[<prev] [next>] [<thread-prev] [thread-next>] [day] [month] [year] [list]
Message-ID: <7fd8c40d-5209-4f7c-8c69-5138d0eb0bc5@gmail.com>
Date: Mon, 30 Oct 2023 15:02:17 +0100
From: Heiner Kallweit <hkallweit1@...il.com>
To: Mirsad Goran Todorovac <mirsad.todorovac@....unizg.hr>,
Jason Gunthorpe <jgg@...pe.ca>, Joerg Roedel <jroedel@...e.de>,
Lu Baolu <baolu.lu@...ux.intel.com>, iommu@...ts.linux.dev,
linux-kernel@...r.kernel.org, netdev@...r.kernel.org
Cc: Joerg Roedel <joro@...tes.org>, Will Deacon <will@...nel.org>,
Robin Murphy <robin.murphy@....com>, nic_swsd@...ltek.com,
"David S. Miller" <davem@...emloft.net>,
Eric Dumazet <edumazet@...gle.com>,
Jakub Kicinski <kuba@...nel.org>,
Paolo Abeni <pabeni@...hat.com>, Marco Elver <elver@...gle.com>
Subject: Re: [PATCH v5 6/7] r8169: Coalesce mac ocp write and modify for 8125
and 8125B start to reduce spinlocks
On 29.10.2023 19:36, Mirsad Goran Todorovac wrote:
> Repeated calls to r8168_mac_ocp_write() and r8168_mac_ocp_modify() in
> the startup of 8125 and 8125B involve implicit spin_lock_irqsave() and
> spin_unlock_irqrestore() on each invocation.
>
> Coalesced with the corresponding helpers r8168_mac_ocp_write_seq() and
> r8168_mac_ocp_modify_seq() into sequential write or modidy with a sinqle
> pair of spin_lock_irqsave() and spin_unlock_irqrestore(), these calls
> reduce overall lock contention.
>
> Fixes: f1bce4ad2f1ce ("r8169: add support for RTL8125")
> Fixes: 0439297be9511 ("r8169: add support for RTL8125B")

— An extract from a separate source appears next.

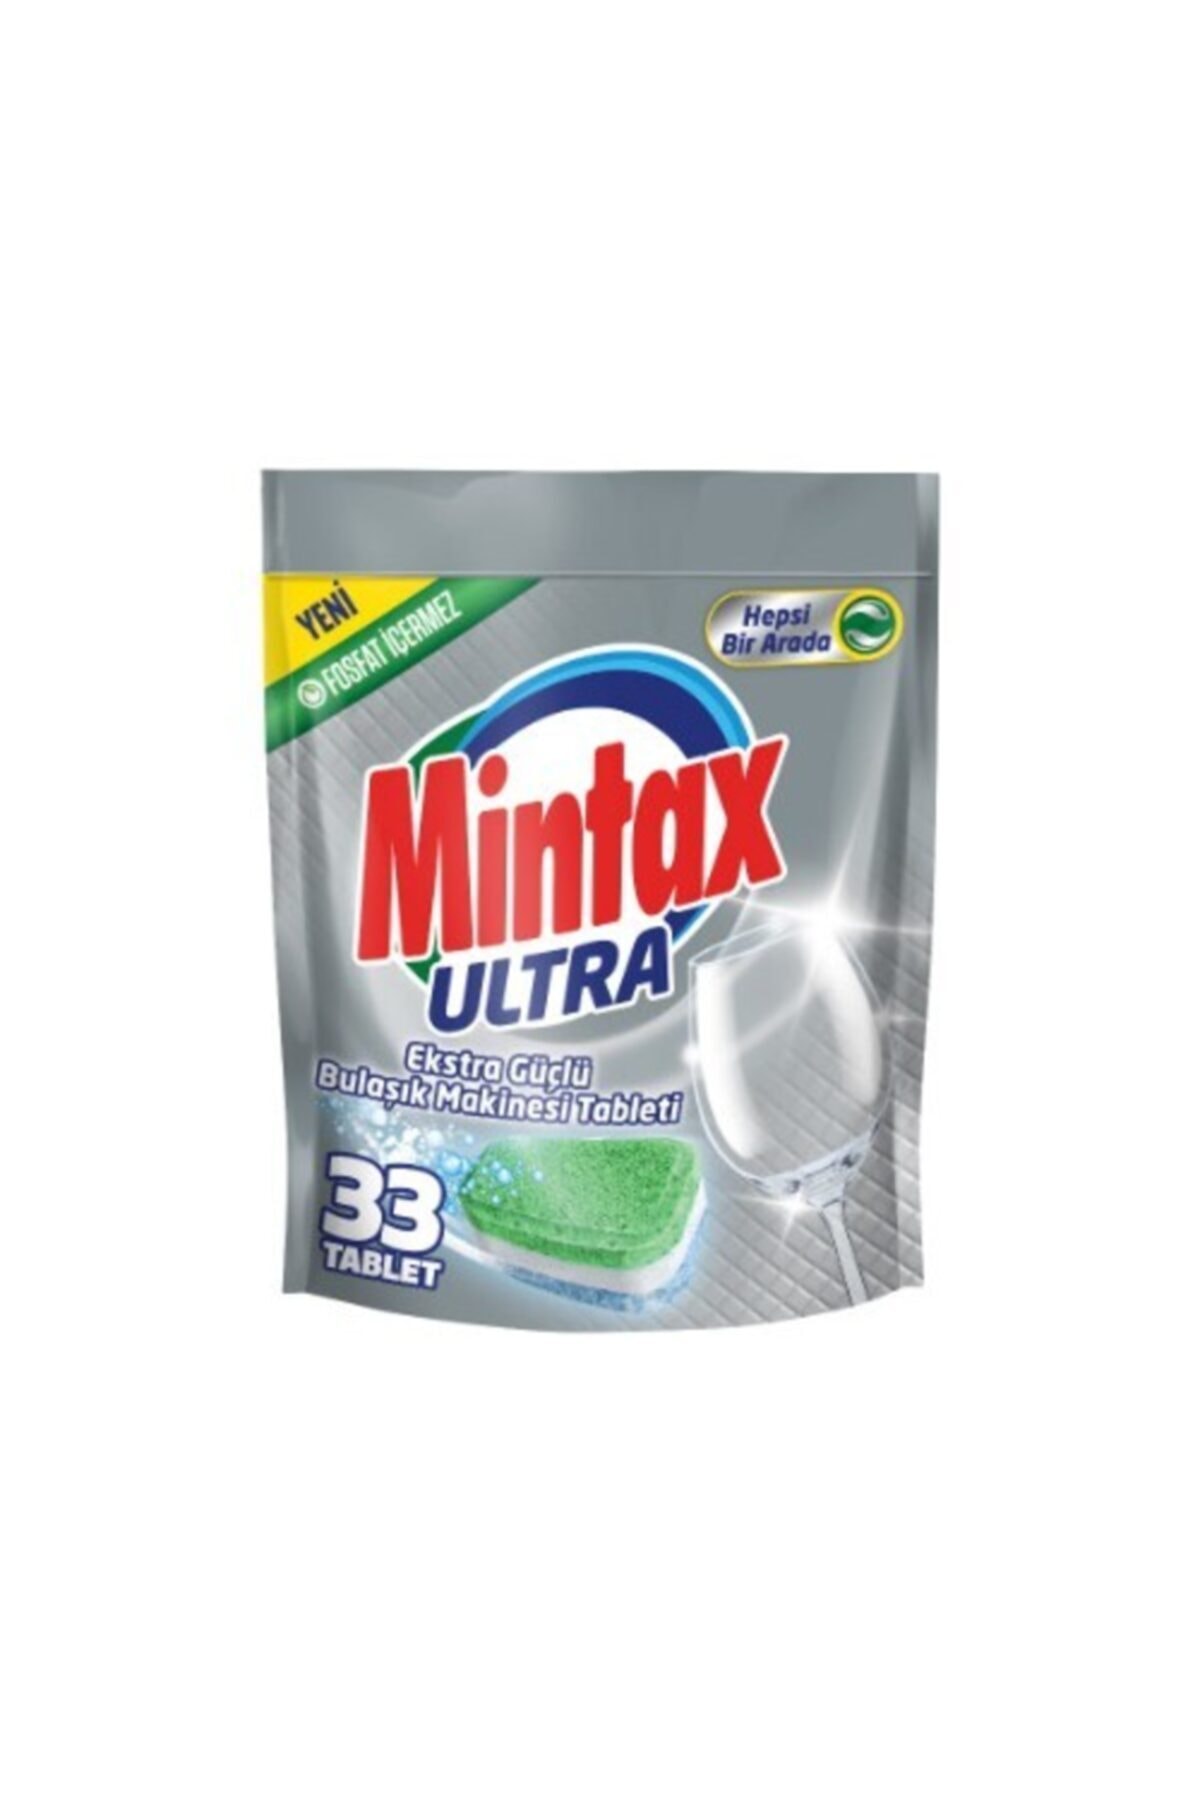 Mintax Ultra Bulaşık Makinesi Tableti 33 Adet

> Cc: Heiner Kallweit <hkallweit1@...il.com>
> Cc: Marco Elver <elver@...gle.com>
> Cc: nic_swsd@...ltek.com
> Cc: "David S. Miller" <davem@...emloft.net>
> Cc: Eric Dumazet <edumazet@...gle.com>
> Cc: Jakub Kicinski <kuba@...nel.org>
> Cc: Paolo Abeni <pabeni@...hat.com>
> Cc: netdev@...r.kernel.org
> Cc: linux-kernel@...r.kernel.org
> Link: https://lore.kernel.org/lkml/20231028005153.2180411-1-mirsad.todorovac@alu.unizg.hr/
> Link: https://lore.kernel.org/lkml/20231028110459.2644926-1-mirsad.todorovac@alu.unizg.hr/
> Signed-off-by: Mirsad Goran Todorovac <mirsad.todorovac@....unizg.hr>
> ---
> v5:
> added unlocked primitives to allow mac ocs modify grouping
> applied coalescing of mac ocp writes/modifies for 8168ep and 8117
> some formatting fixes to please checkpatch.pl
>
> v4:
> fixed complaints as advised by Heiner and checkpatch.pl
> split the patch into five sections to be more easily manipulated and reviewed
> introduced r8168_mac_ocp_write_seq()
> applied coalescing of mac ocp writes/modifies for 8168H, 8125 and 8125B
>
> v3:
> removed register/mask pair array sentinels, so using ARRAY_SIZE().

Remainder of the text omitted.